## BRIEF
A faithful copy is required: retype the records from their first line through the line with "Due to the handmade construction and", and omit the pictures.

## DATA SHOWN
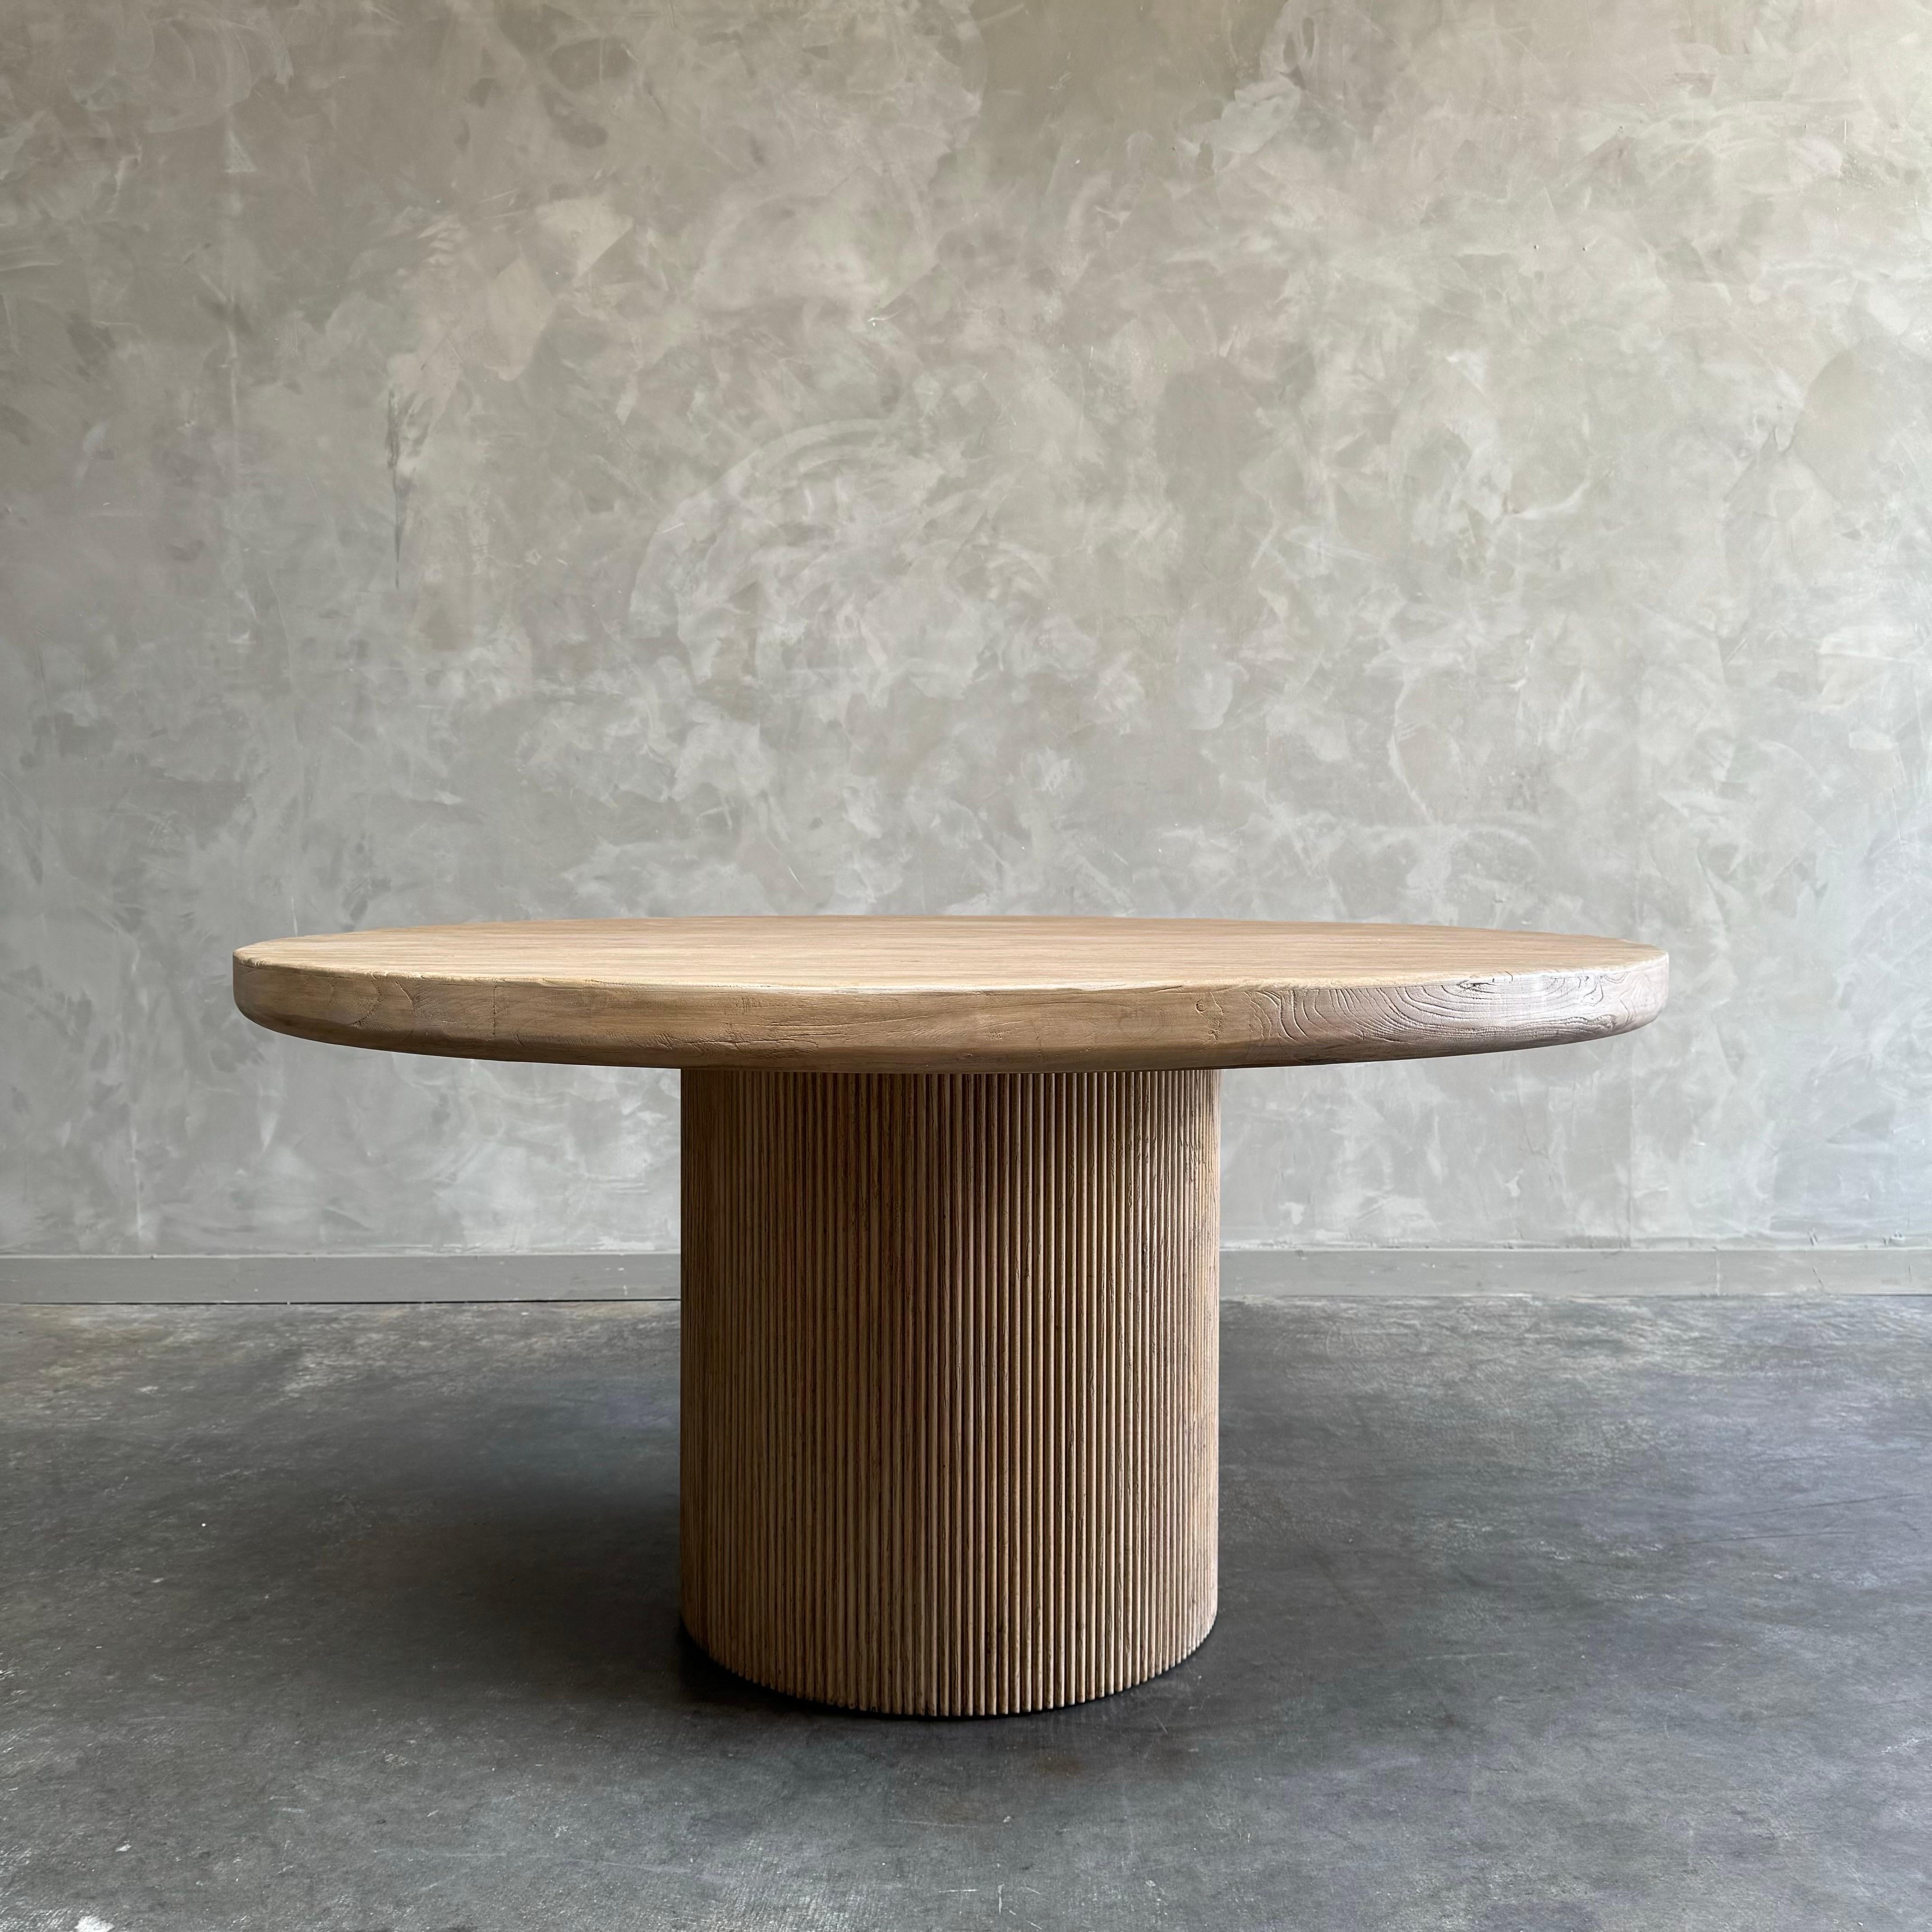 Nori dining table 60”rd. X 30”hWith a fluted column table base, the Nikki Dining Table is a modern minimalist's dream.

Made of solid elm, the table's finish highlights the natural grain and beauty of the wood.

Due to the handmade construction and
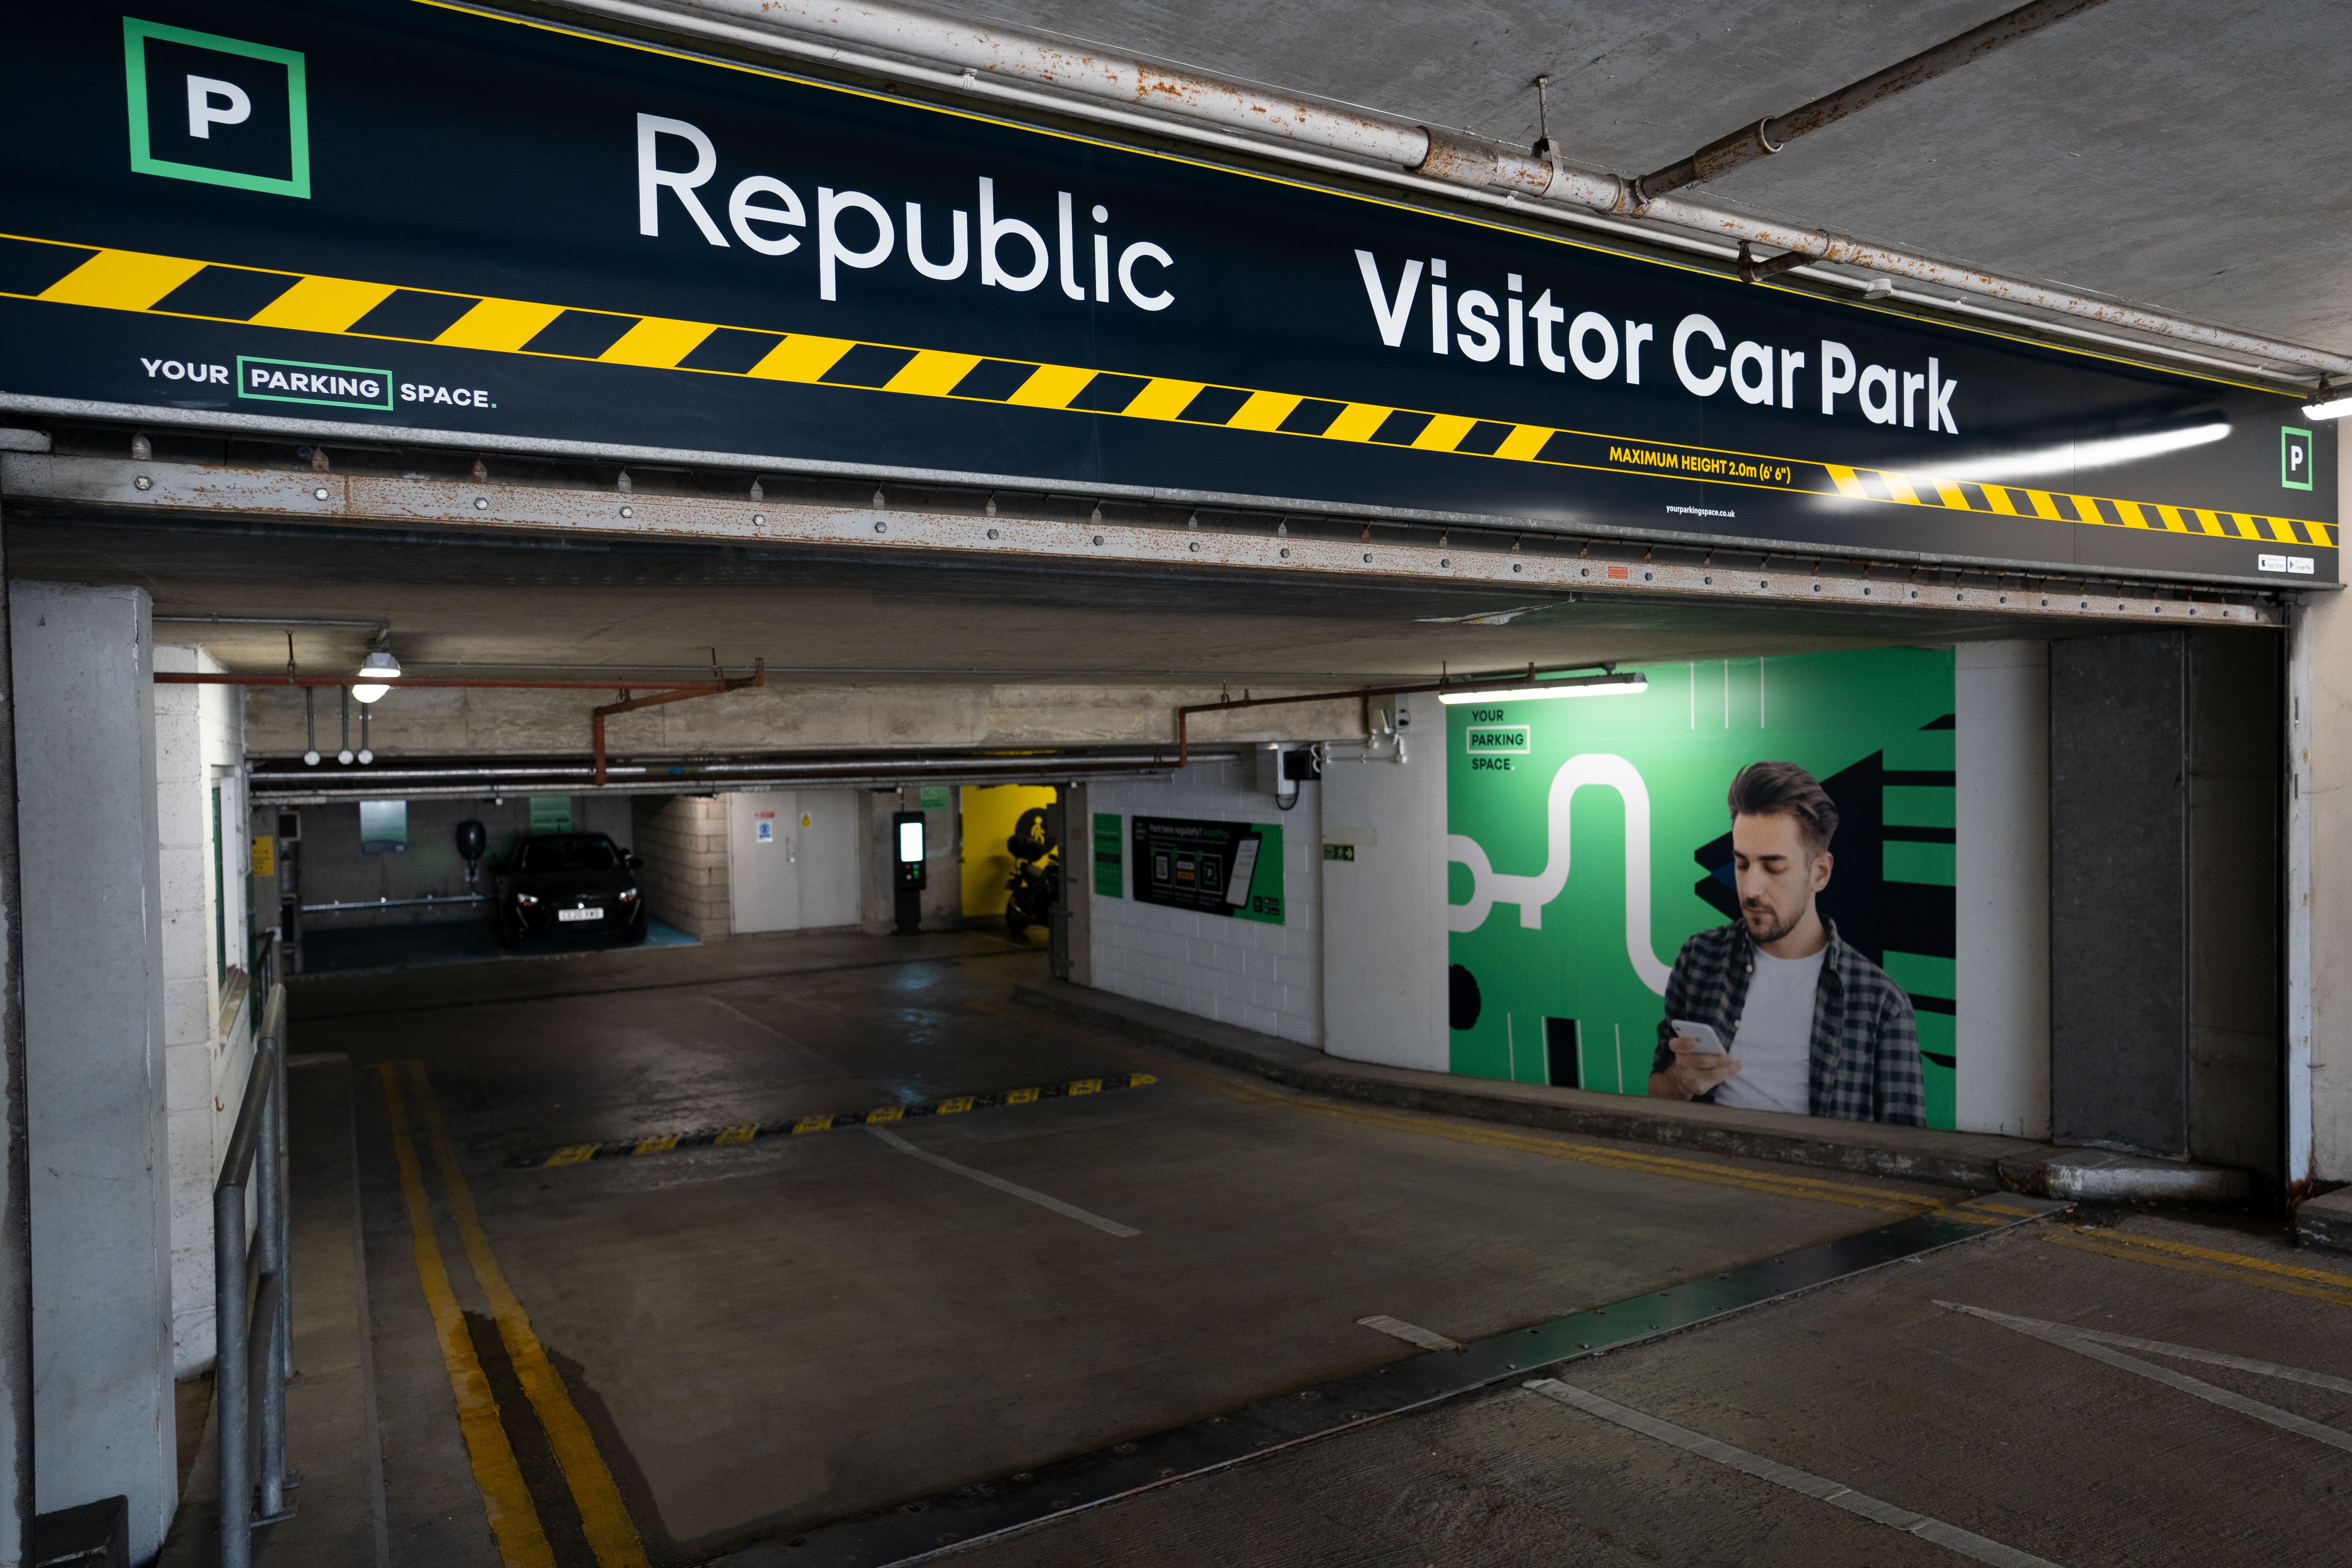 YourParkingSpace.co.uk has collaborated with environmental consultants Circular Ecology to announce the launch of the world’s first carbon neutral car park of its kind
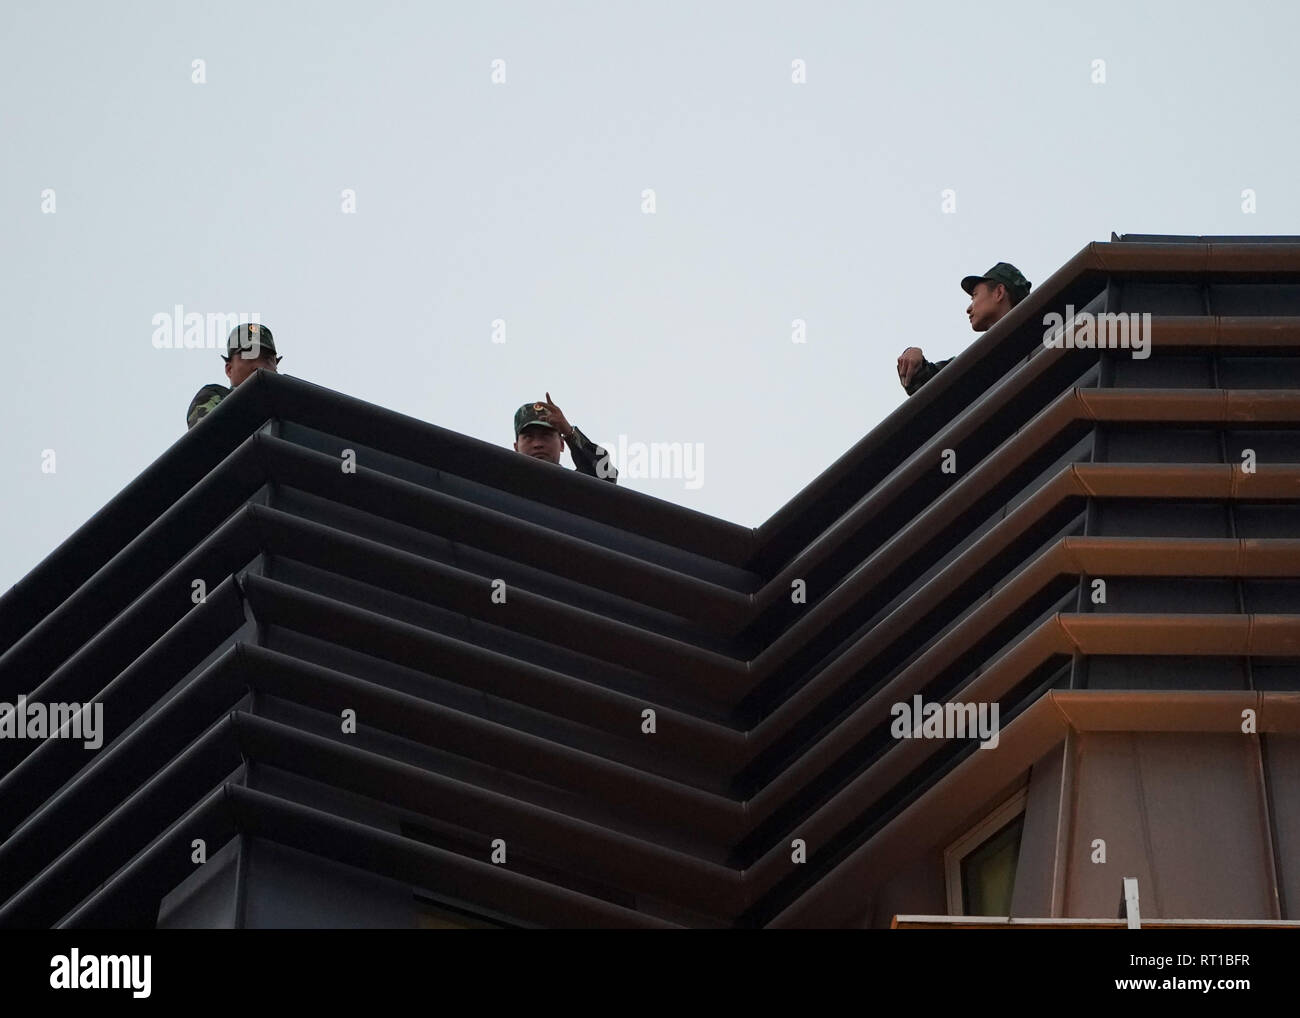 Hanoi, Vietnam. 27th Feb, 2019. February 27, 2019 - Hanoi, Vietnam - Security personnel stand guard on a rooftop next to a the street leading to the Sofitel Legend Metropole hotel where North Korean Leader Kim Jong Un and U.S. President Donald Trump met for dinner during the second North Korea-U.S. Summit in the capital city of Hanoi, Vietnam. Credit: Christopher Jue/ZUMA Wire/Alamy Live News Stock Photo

## RESULT OF THE TASK
 Nori dining table 60”rd. X 30”hWith a fluted column table base, the Nikki Dining Table is a modern minimalist's dream.

Made of solid elm, the table's finish highlights the natural grain and beauty of the wood.

Due to the handmade construction and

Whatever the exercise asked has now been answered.